The election of 1970 and after

Luis Echeverría is anointed the official PRI candidate in 1969, which means he will win the election, but he nonetheless campaigns as if he were really running for the Presidency, traveling 35,000 miles and visiting more than 900 villages, towns, and cities during a seven-month campaign. He proclaims that the Revolution's work is incomplete, parades with women dressed in regional costumes, and declares that helping peasants and workers will be his first priority when he reaches office. He also wears guayaberas in public. (The significance of the guayabera.)
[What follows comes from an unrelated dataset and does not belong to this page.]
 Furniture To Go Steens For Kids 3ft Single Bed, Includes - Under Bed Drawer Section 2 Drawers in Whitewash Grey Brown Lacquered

Echeverría had risen through the PRI ranks as a hardliner, especially noted for arranging the Army's occupation of the National Polytechnic Institute in 1956 and the crushing of striking railroad workers in 1958. According to Judith Adler Hellman, in Mexico in Crisis, as Interior Minister Echeverría was noted for "his tireless pursuit and persecution of communist organizations, the destruction of several left-wing publications, the imposition of an official script in TV radio newscasts, and the reversal of electoral results in two contests lost by the PRI....He was widely believed to have taken the fatal decision" to attack the protestors in 1968.
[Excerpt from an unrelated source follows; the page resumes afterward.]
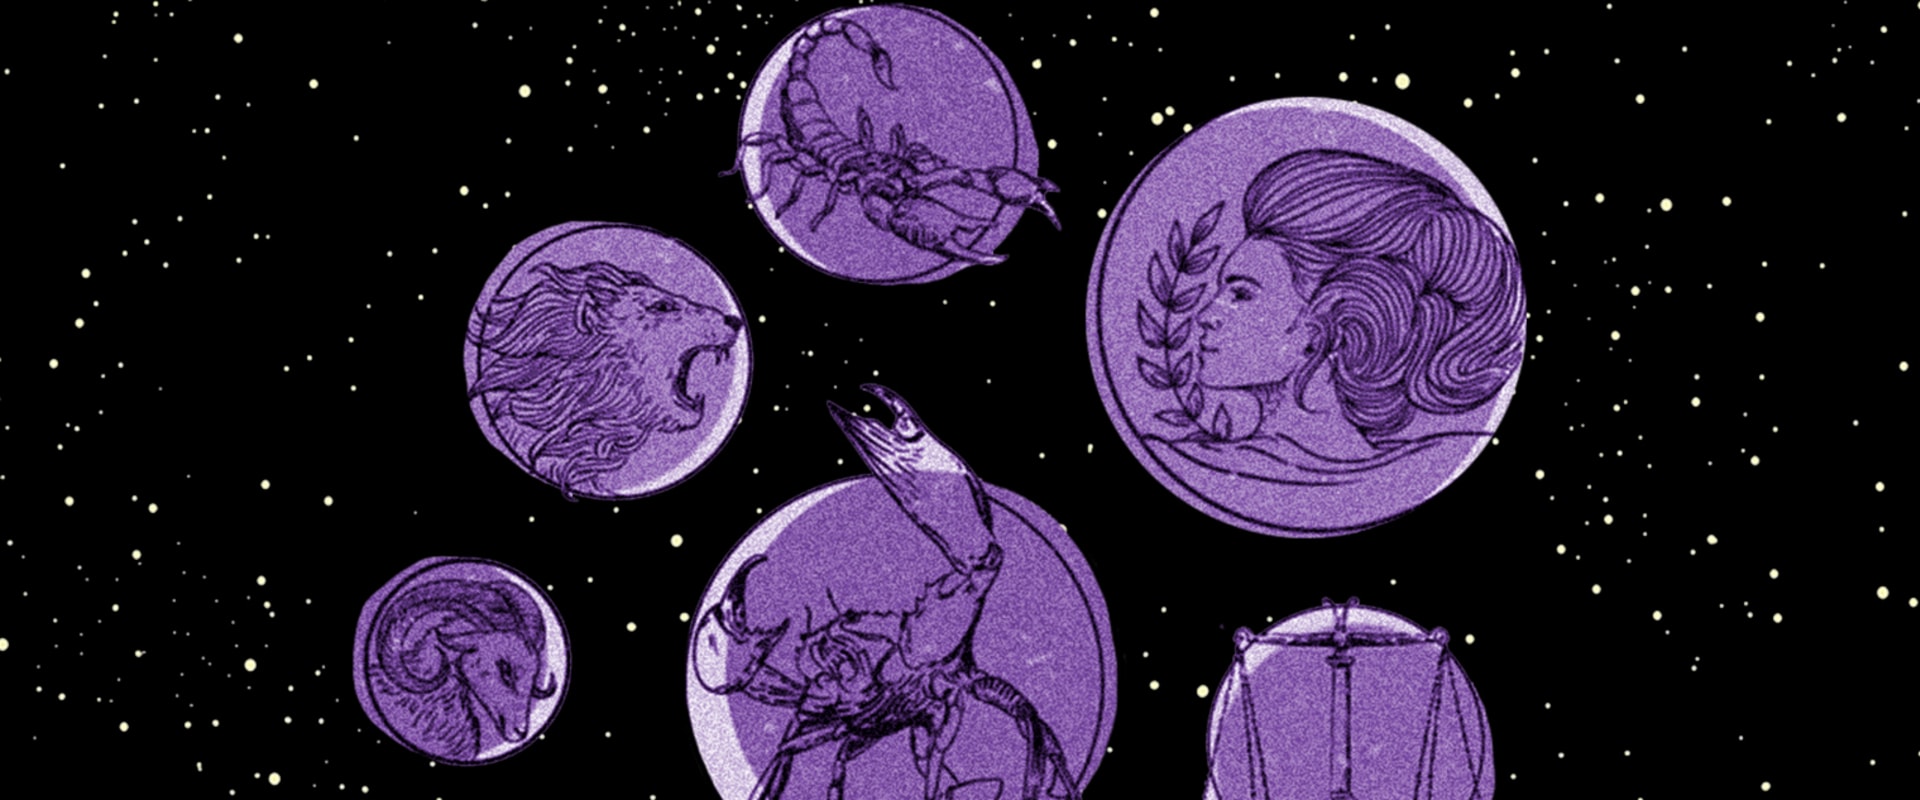 How does zodiac affect us?

Nonetheless, he promises "new and unprecedented democratic overtures," stands up for freedom of thought ("there is no such thing as ideas which are exotic or alien to the revolution") and consistently visits isolated parts of the country to discuss the peasants' problems with them directly. He attacks the "tragic complacency" of previous regimes and their refusal to help workers and peasants; he attacks corruption within government directly and personally, noting that public office "is regarded by many so-called public servants as booty." He attacks private industry as greedy, selfish, unpatriotic and "un-Mexican": "Mexico needs modern entrepreneurs who do not think only in terms of personal proft, but in terms of the general progress of the country and the duty they have to serve society....Today we must demand that industrialists do not carry on raping the land as you have done in the past." Novelist and essayist Carlos Fuentes writes in August of 1971 that he has "lifted the veil of fear thrown over the body of Mexico by Díaz Ordaz." He pays particular attention to students. He allows student-movement leaders in exile in Chile to return and releases prisoners from 1968; radical leaders reappear in the political arena and some academic leftists are offered government posts.
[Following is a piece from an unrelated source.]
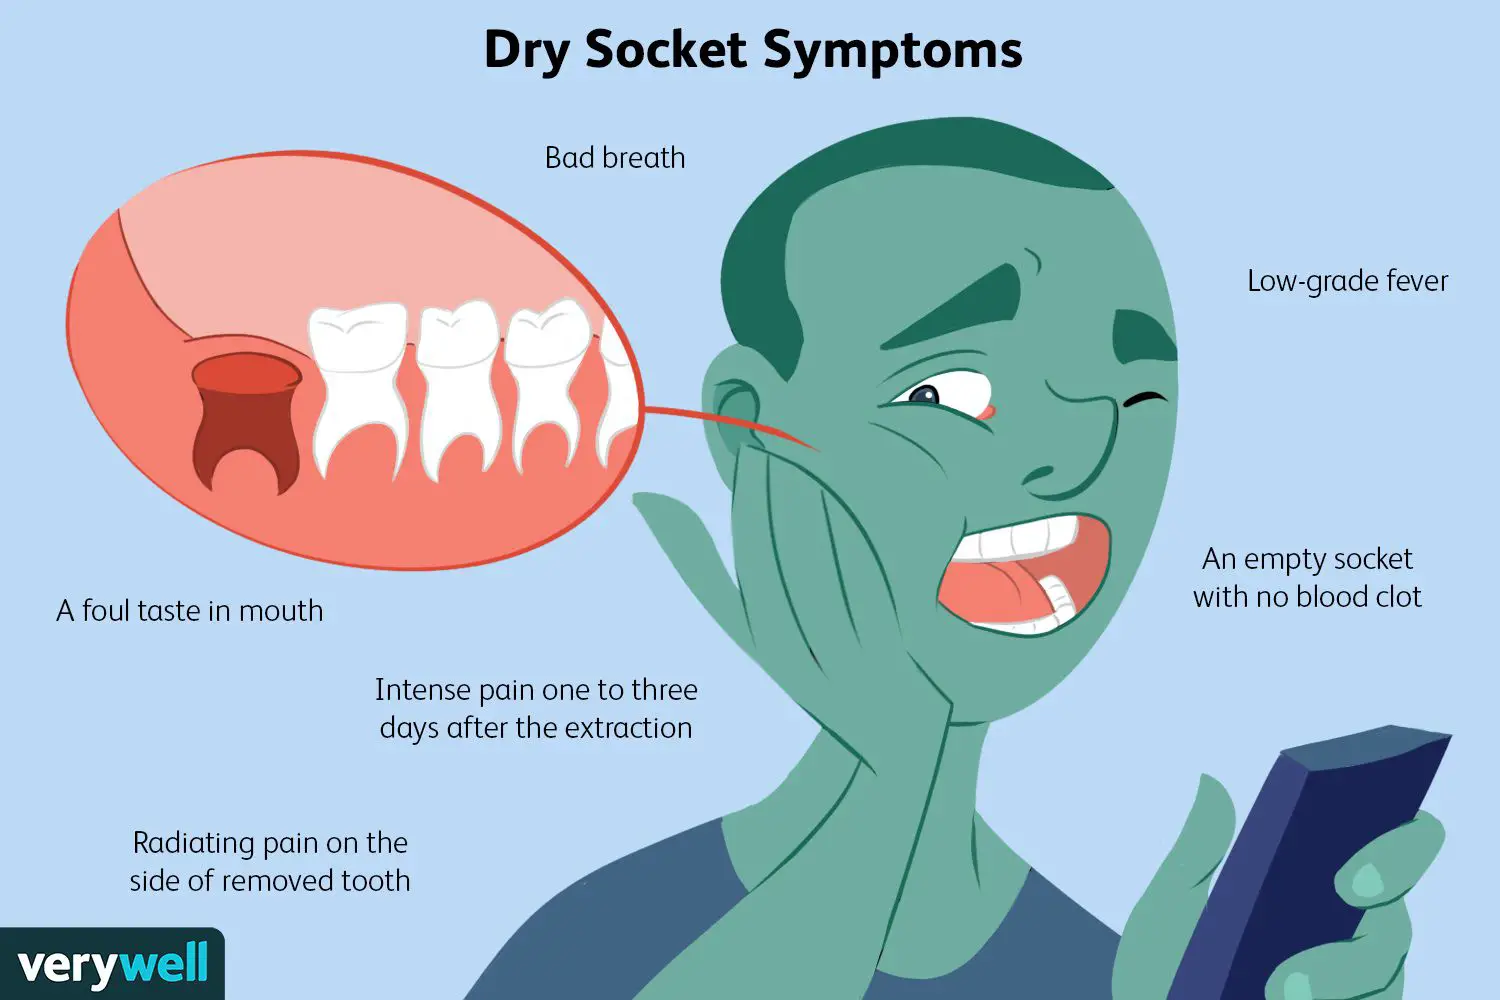 how to prevent dry socket after tooth extraction

In his first year, Echeverría expands social security by 10 million people, so it covers more than 1/3 of the population; builds 100,000 houses for workers; increases the budget for the Ministry of Education by 5x; increases technical schools from 281 to 1301; raises taxes on corporations and the rich (top income bracket rises from paying 35% to paying 42% tax) and on luxury goods, imports and exports, and imposes a consumption tax to pay for all of this. His government treats farmers as a "priority area," increasing credit to peasants, insuring crops against failure and in general trying to get rid of/weaken intermediaries (local officials, bankers, people who owned transportation/storage facilities) who exploit them. He forces industries to compete on world markets by helping only those who produce affordable goods for the masses will be helped; foreign investors are forced to deal more fairly with Mexican markets and investors. He tries to forge new trade connections with Canada, Japan, China, the USSR, and other countries that are not America, leading all Third World nations in the effort to build fairer relations with industrialized countries. He travels to 36 countries and reaches 160 international agreements, nearly doubling the nations with which Mexico has formal relations, from 65 to 127.

Hellman sums this up as evolution, not revolution: "he was trying to modernize and rationalize Mexican capitalism...with spreading the fruits of development more widely and fostering a slightly more open, democratic political atmosphere. His goal was to create the climate of social and political stability that would permit further development." Unfortunately, the elites resist, limiting the extent of change, and the goverment, Echeverría very much included, remains unable to respect student protests, as seen most clearly in the Corpus Christi massacre of 1971.